What the task asks. What should be copied is the stretch of entries below from the line with "Figure 1.3 –" up to and including the line with "24K Gold-Plated Letter", exactly and without images.

Data supplied.
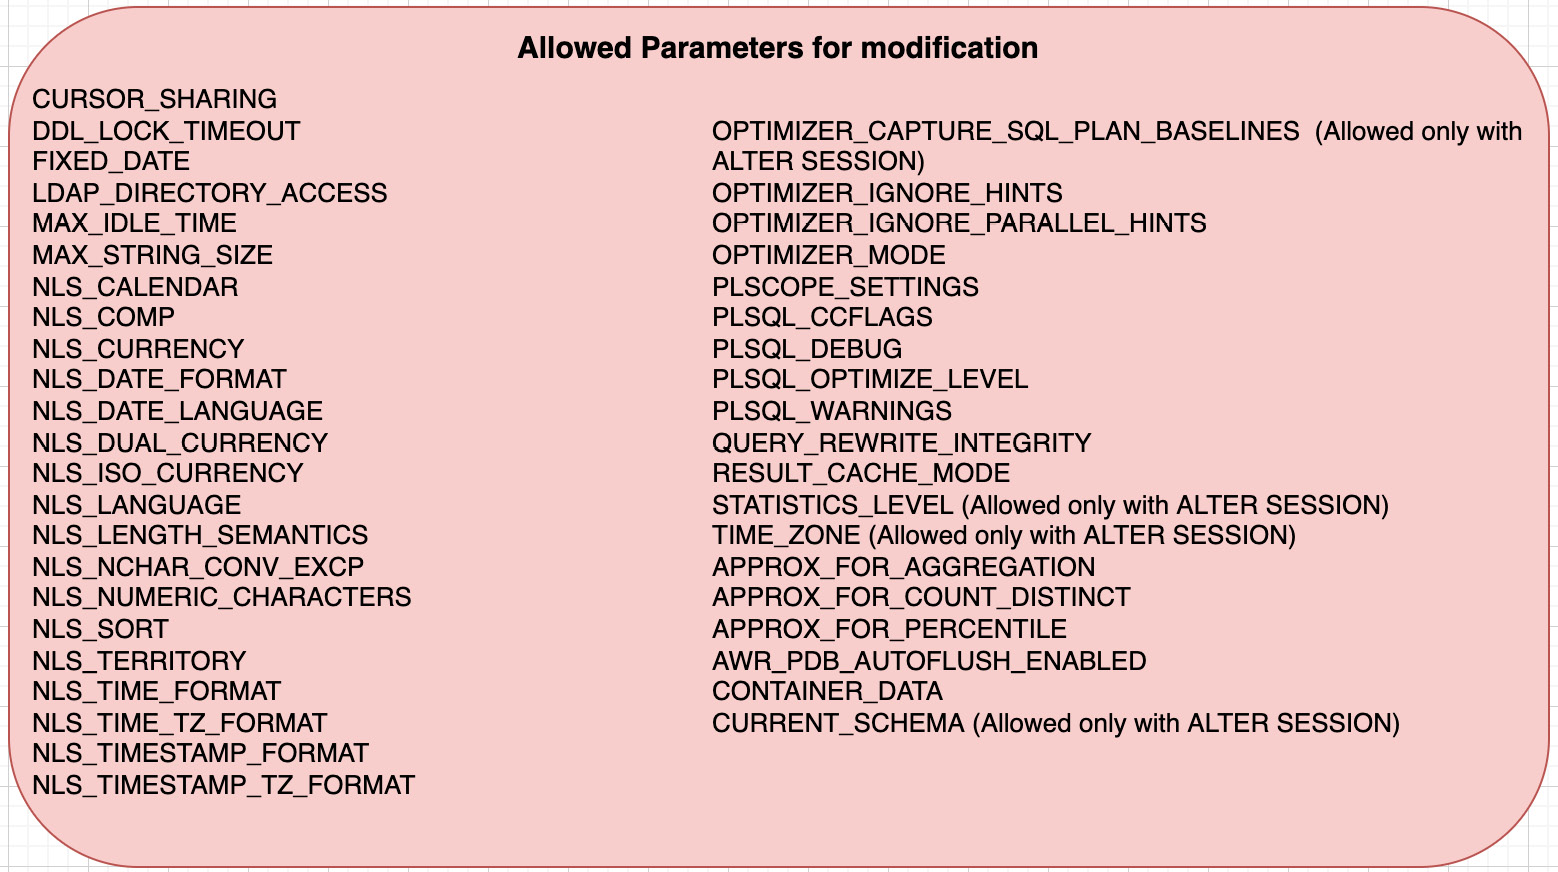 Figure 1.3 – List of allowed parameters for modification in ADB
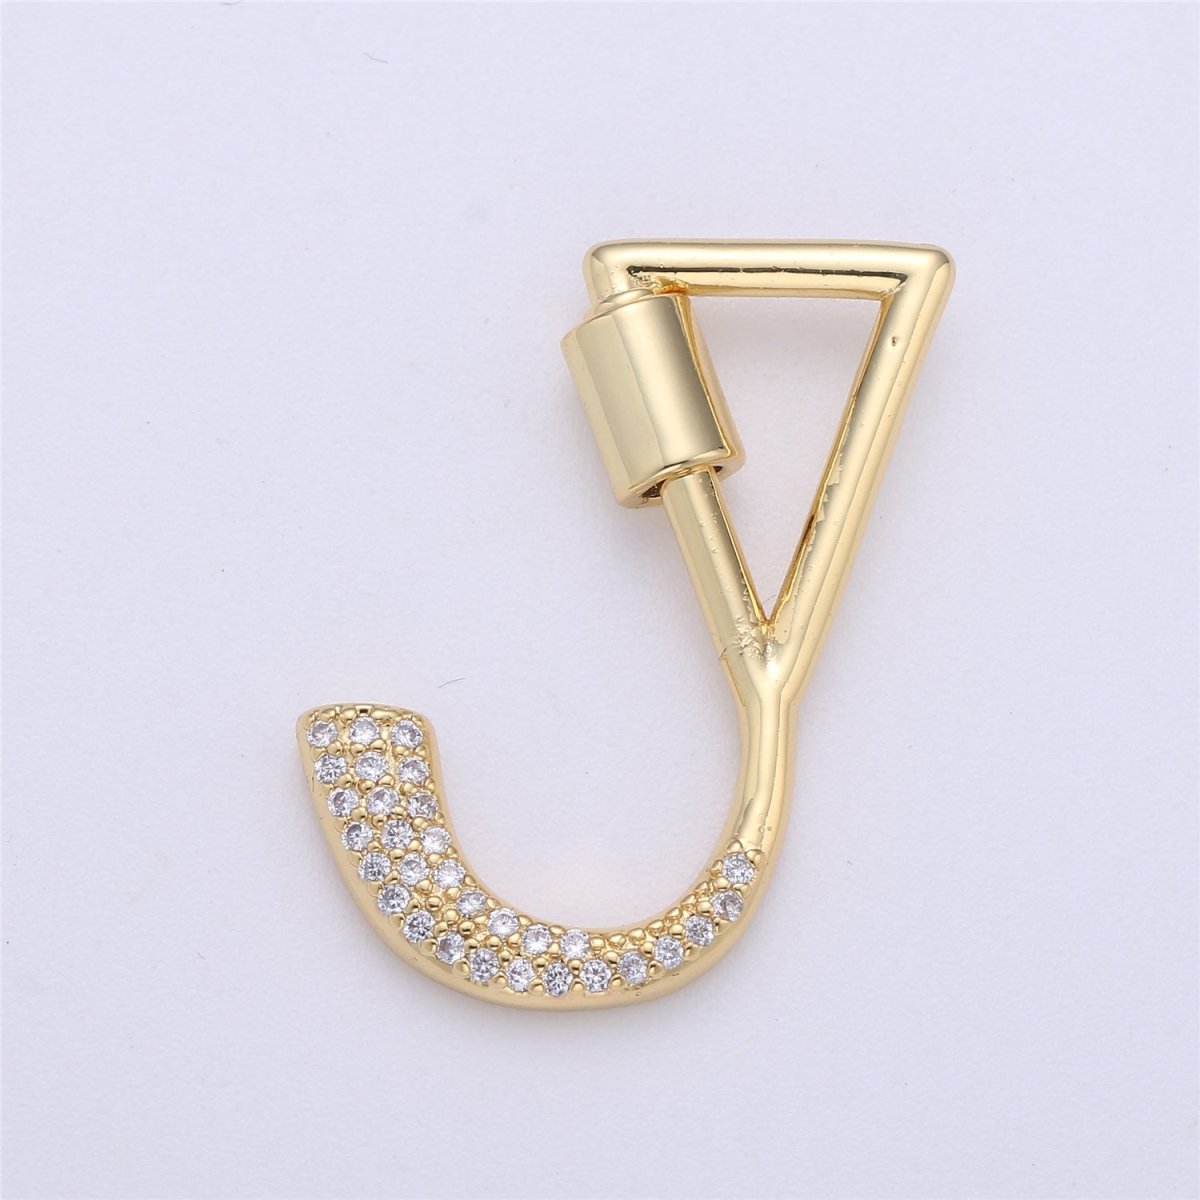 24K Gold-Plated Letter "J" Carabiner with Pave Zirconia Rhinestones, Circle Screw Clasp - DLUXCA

...

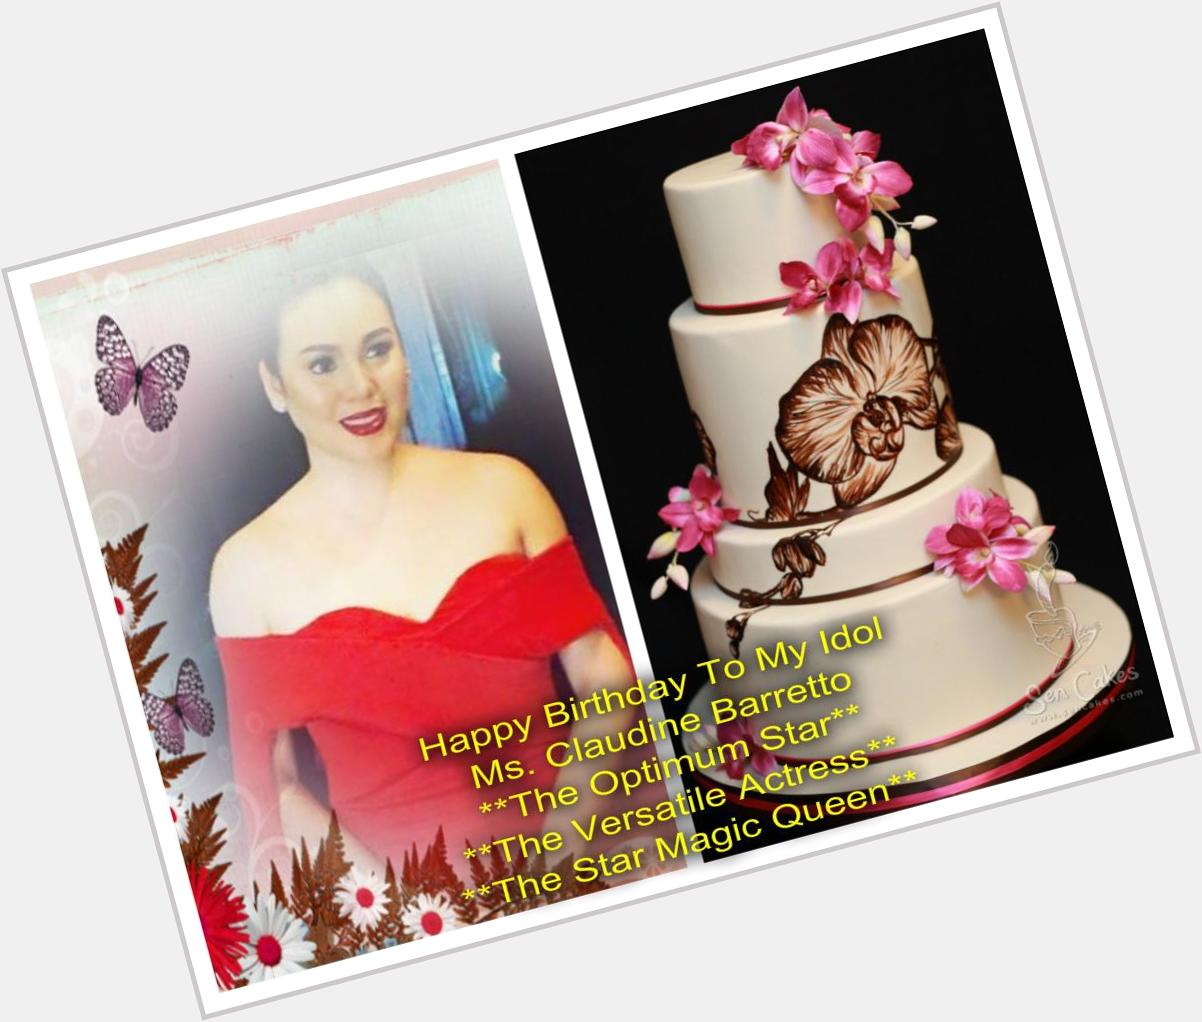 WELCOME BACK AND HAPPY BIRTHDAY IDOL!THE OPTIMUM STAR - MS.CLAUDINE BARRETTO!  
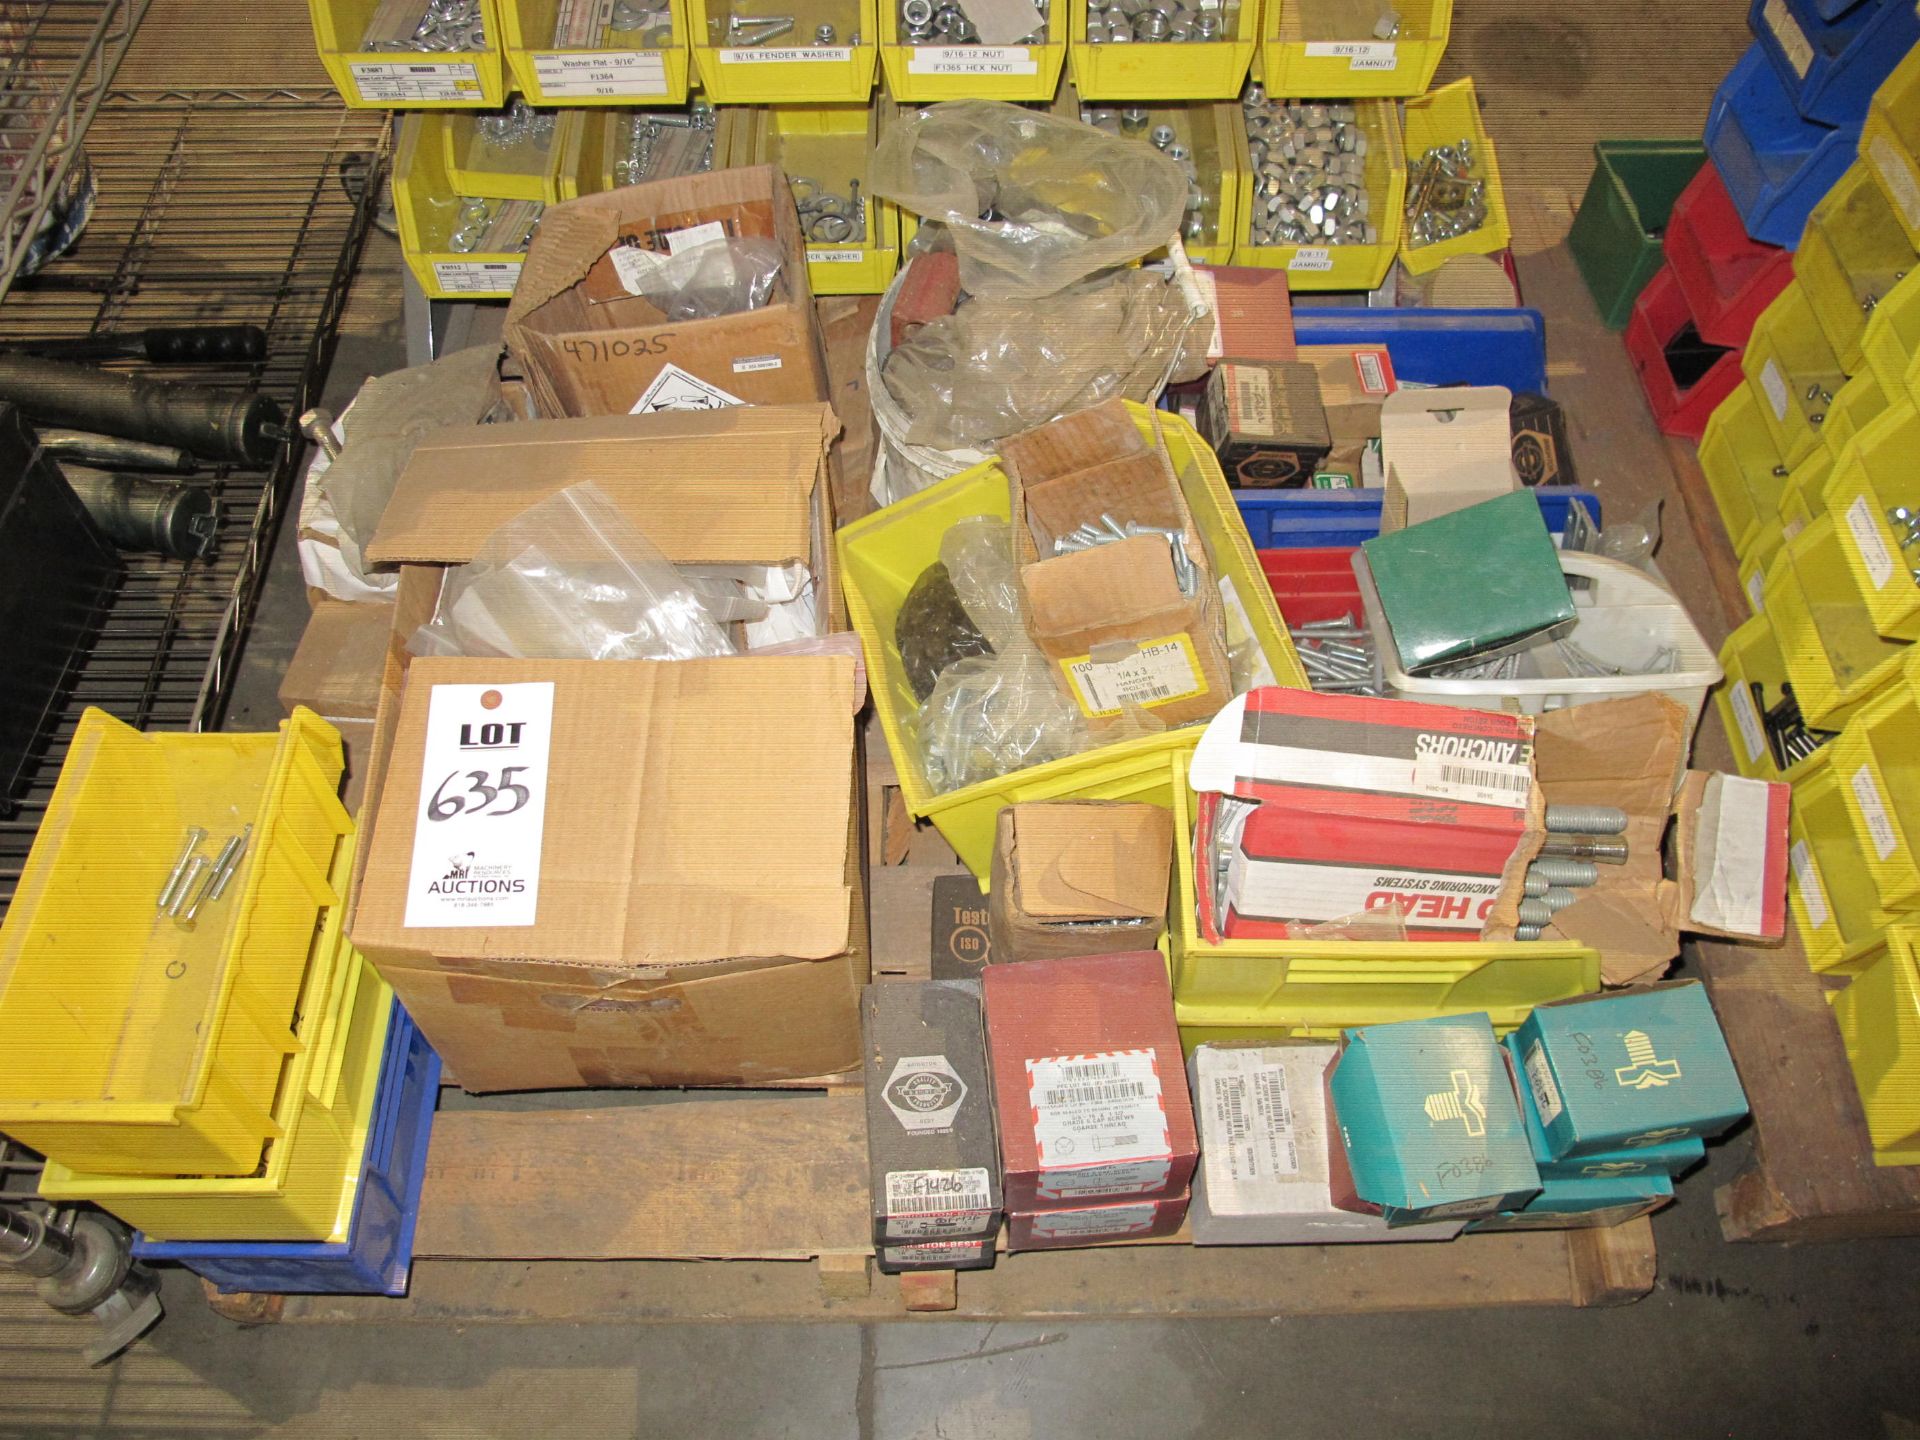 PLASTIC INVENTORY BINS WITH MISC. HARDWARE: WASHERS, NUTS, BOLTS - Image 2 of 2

Response to the task.
 Figure 1.3 – List of allowed parameters for modification in ADB
 24K Gold-Plated Letter "J" Carabiner with Pave Zirconia Rhinestones, Circle Screw Clasp - DLUXCA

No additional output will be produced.